In the fall of 1975, Ford’s approval ratings largely remained in the mid-40s, where they had been just before the attempts on his life. Ronald Reagan almost defeated Ford in the 1976 Republican primary, and Ford, a onetime Michigan football star, lost the White House to Jimmy Carter in November.
John Hinckley Jr.’s shooting of Reagan outside the Hilton Hotel in Washington on March 30, 1981, was a partial exception to this pattern. Reagan almost died, but unlike John F. Kennedy, he lived. His unflagging bravura (“Honey, I forgot to duck,” he quipped to his wife, Nancy) provided a jolt of hope to a nation grappling with the aftereffects of the Vietnam War, stagflation and the Iran hostage crisis. Mr.
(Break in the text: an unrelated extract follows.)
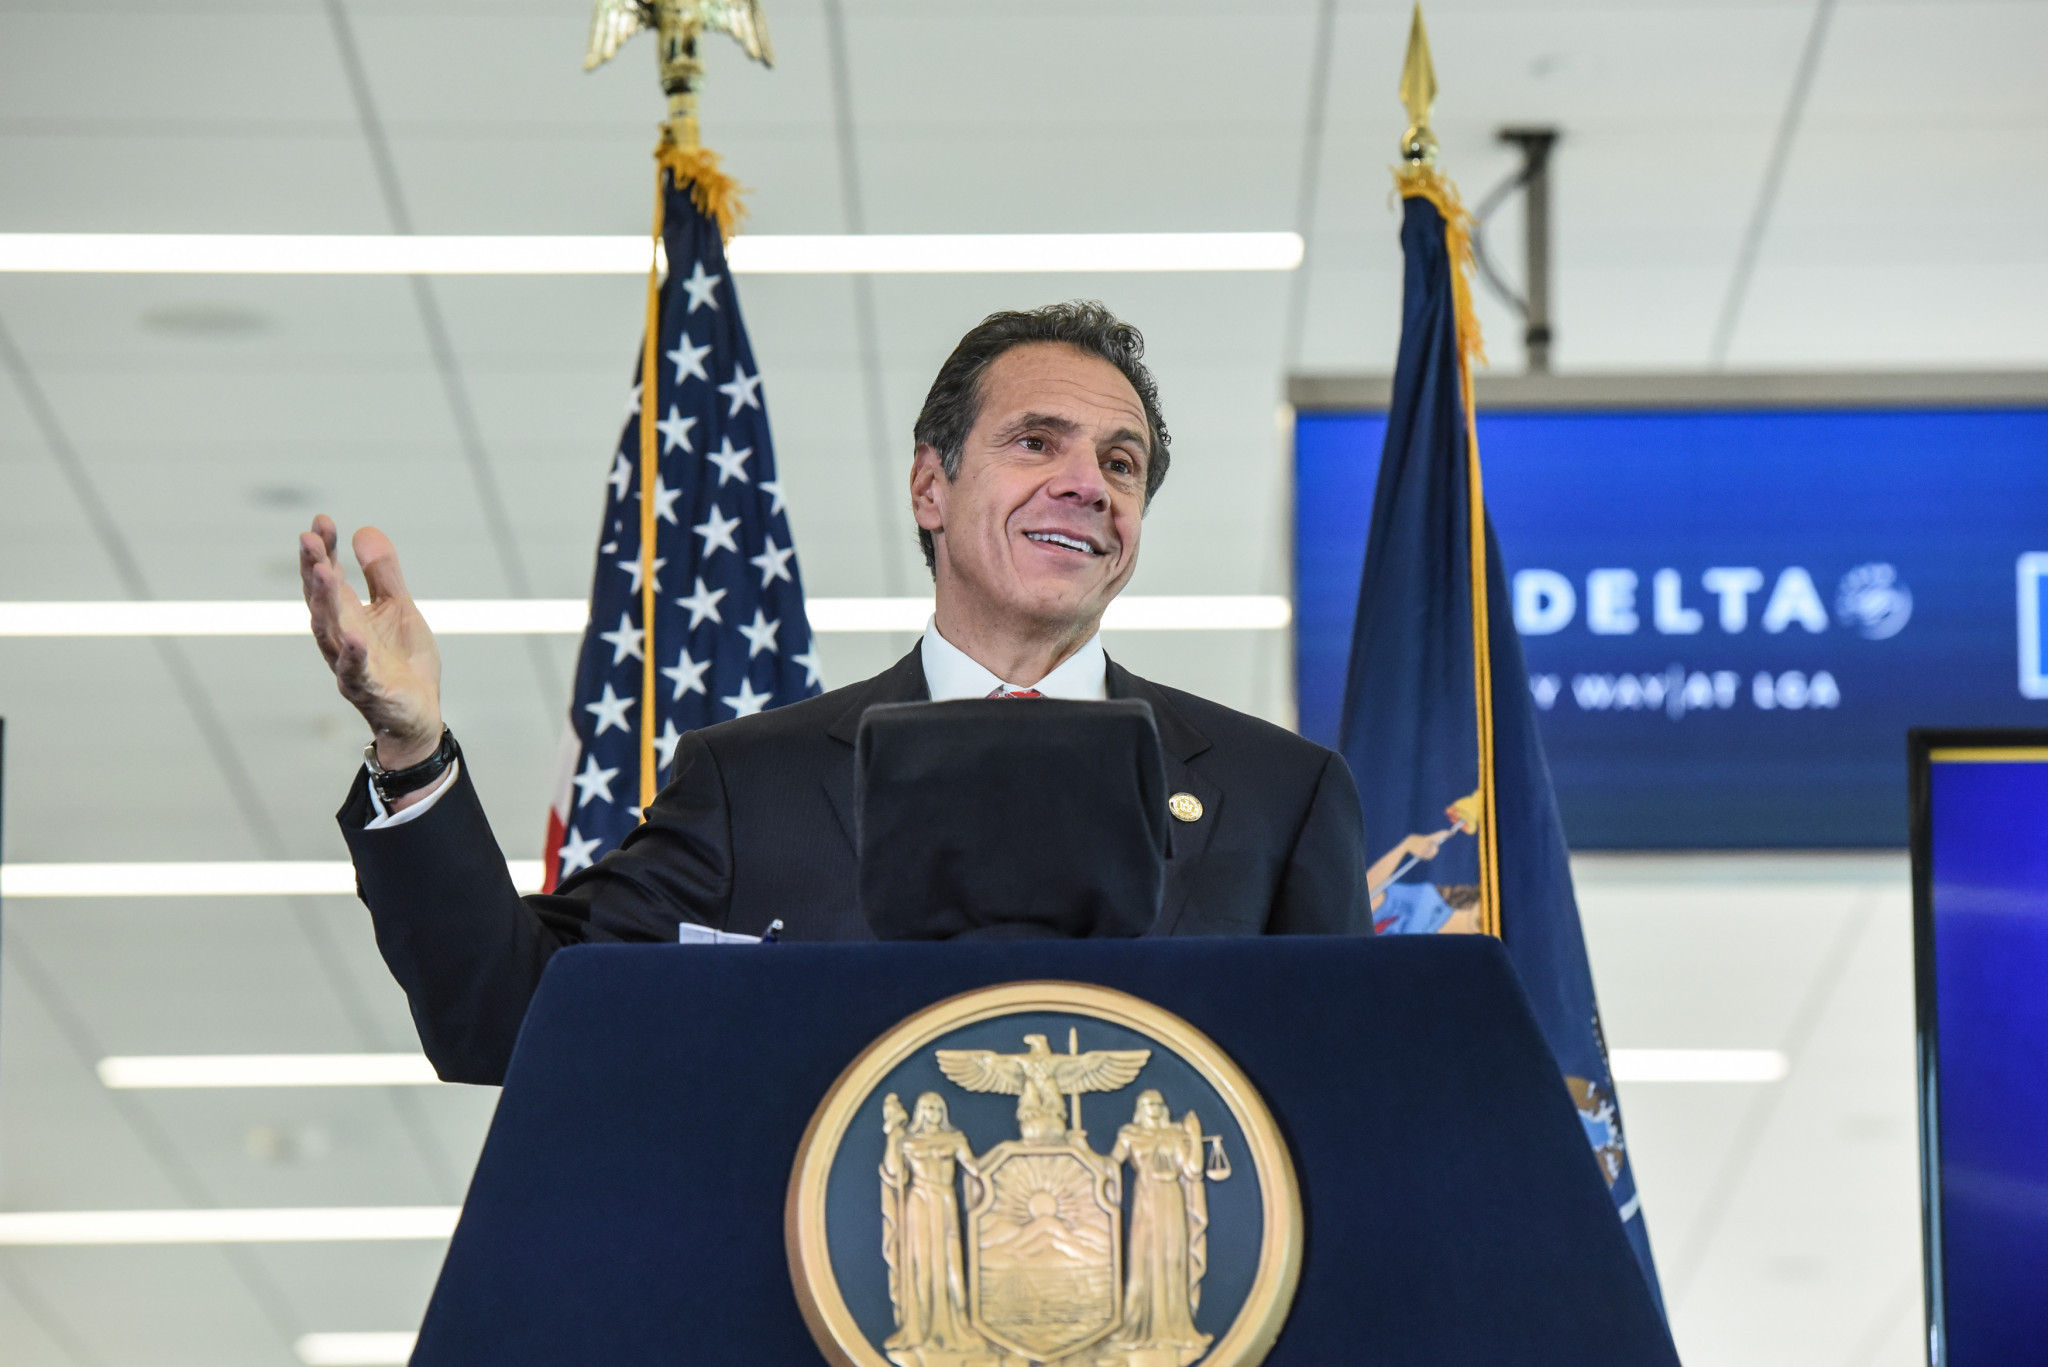 New York Governor Andrew Cuomo has proposed $147 million in new capital funding for the State's ORDA to keep upgrading winter sports venues ©Getty Images

Trump aims for a similar effect, immediately pivoting to his plans to resurrect the White House Correspondents’ Association dinner and redoubling his call to build a White House ballroom to harden the president’s security.
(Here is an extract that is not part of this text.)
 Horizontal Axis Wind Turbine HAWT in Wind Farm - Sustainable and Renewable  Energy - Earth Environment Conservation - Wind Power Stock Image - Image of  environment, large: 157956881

One month after being shot, Reagan addressed a joint session of Congress. The president praised the Secret Service agent Tim McCarthy for taking a bullet for the president; after two decades of turmoil and decline, Reagan implied, America’s fortunes had turned, and now was the time to pass his sweeping tax cuts. Thousands of schoolchildren and adults sent get-well-soon cards, with many expressing thanks to God that Reagan hadn’t died. By May 1981, Reagan’s approval rating had soared to 68 percent.
But even Reagan’s personal popularity was insufficient to help his party in the 1982 midterm elections. Facing a recession, Reagan’s approval tumbled, and his party lost more than two dozen seats in the House. Still, Reagan’s message — America was back — would define his “morning in America” re-election victory. The Washington Post reporter David Broder reflected that Reagan’s recovery had made him into “a mythic figure” who had become “politically untouchable from that point on.”
Reagan’s near-death experience also awakened in him the dream of abolishing nuclear weapons. “Perhaps having come so close to death made me feel I should do whatever I could in the years God had given me to reduce the threat of nuclear war,” he said later. And he invoked the shooting to justify his endorsement of gun control legislation after he left the White House — a short-lived political turn for the Republican Party.
Mr. Trump has praised the Secret Service’s bravery and denounced the “pretty sick guy” who tried to kill him. But like most presidents who have faced a close call, Mr. Trump can’t count on an outpouring of public sympathy to save what remains of his presidency. Truman and Ford failed to overcome the structural challenges dragging them down, while it took an economic rebound two years after the attack to help vault Reagan to a second term.
Mr. Trump is waging an unpopular war in a time of rising costs and pain at the gas pump. He seems to be alienating more young voters and Latinos, two groups who helped elect him to a second term. Like Truman, he is a well-known figure who has stood at the center of national politics for many years. The latest attack may inspire parts of his base to turn out to support his party in the midterms, but whether it’s a midterm election or the rest of his presidency, history offers little hope that a near miss will reset his presidency.
When it comes to such acts of political violence, there are precious few Hollywood endings.
Matthew Dallek is a historian and a professor at George Washington University’s Graduate School of Political Management. Robert Dallek is a presidential historian and the author of “An Unfinished Life: John F. Kennedy, 1917-1963.” They are working on a book about failed presidential assassination attempts and political violence in the 20th century.